Kim Jelbart

Personal information
- Full name: James M Jelbart
- Nationality: Australian
- Born: 4 May 1937 Victoria, Australia
- Died: 10 April 2024 (aged 86)
- Education: University of Melbourne

Sport
- Sport: Rowing
- Club: MUBC

Achievements and titles
- National finals: King's Cup 1958

= Kim Jelbart =

Australian rower (1937–2024)

Kim Jelbart (4 May 1937 – 10 April 2024) was an Australian representative rower. He competed in the men's coxless four event at the 1960 Summer Olympics.

==Rowing pedigree==
Jelbart's father Ron represented Victoria in the single scull in 1930 and later coached Australian crews. His uncle Peter and cousins Norman and Lloyd also rowed and they had teamed up with Ron in an MUBC crew which dominated Victorian fours racing in the late 1930s. Peter's son Kerry Jelbart (Kim's cousin) was also an Australian representative rower who enjoyed notable success.

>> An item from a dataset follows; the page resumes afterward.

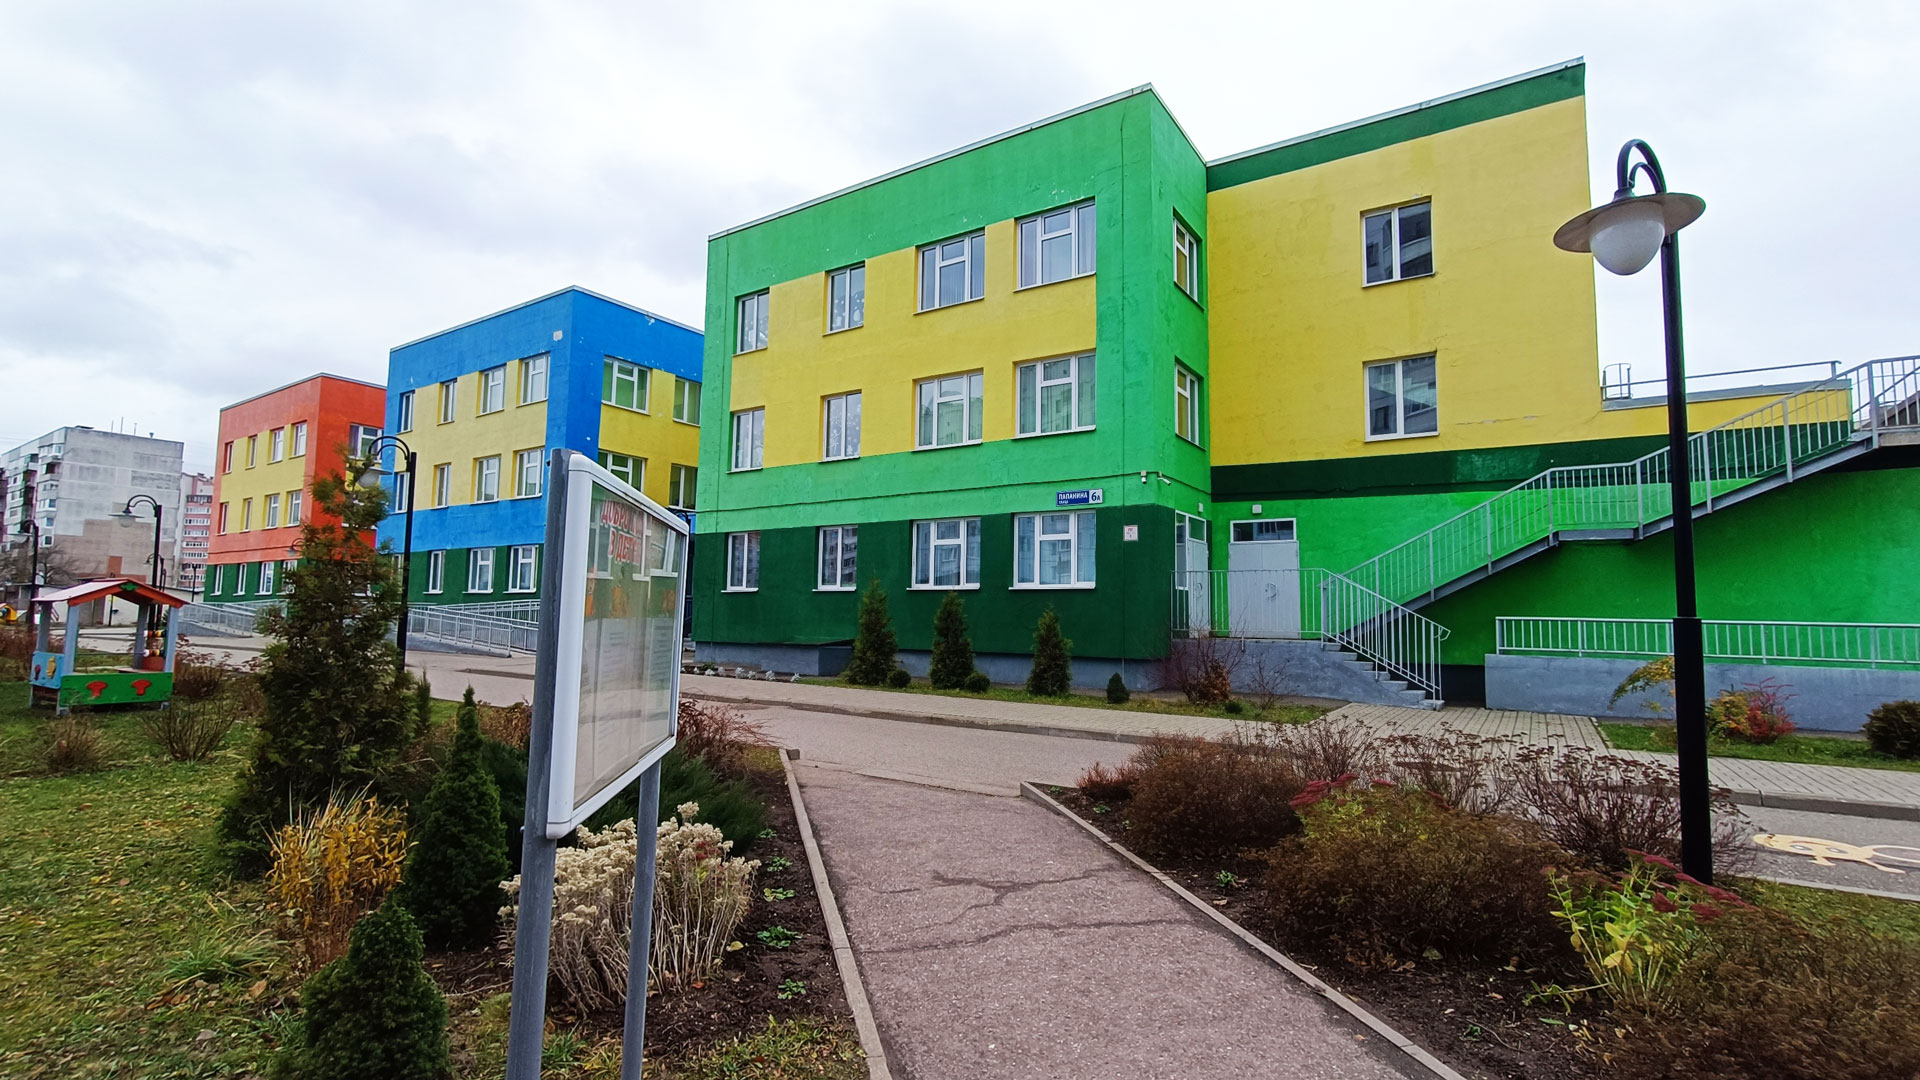 Детский сад 148 Ярославль: общий вид здания и территории.

Kim Jelbart rowed for Trinity College at Melbourne University and for the Melbourne University Boat Club. He was selected in the Victorian state representative men's senior eight which contested and won the King's Cup at the 1958 Interstate Regatta within the Australian Rowing Championships. In 1959 he stroked an MUBC eight to second place in the Victorian state championship.

==International representative rowing==
For the 1960 Rome Olympics a Victorian coxless four was selected as the 7th and last priority boat and wholly on the basis of self-funding. Jelbart was instrumental in gathering a crew of Melbourne contenders who ultimately won through in selection trials. Peter Gillon was rowing at the Yarra Yarra Rowing Club but Jelbart had raced with him in varsity MUBC crews; Brian Vear was from the Banks Rowing Club but known to the Jelbarts; Peter Guest was new on the scene at MUBC but was a skillful rower. Ron Jelbart took on the role of coaching the four but he (like the coach of the coxed four) was not an official member of Australian squad. The lack of coaching support provided to the team by the Australian Olympic Federation proved to be an issue. The four placed 4th in their heat, then 4th in the repechage stage where they were eliminated. There was no B final so no overall placings.

==Death==
Jelbart died on 10 April 2024, at the age of 86.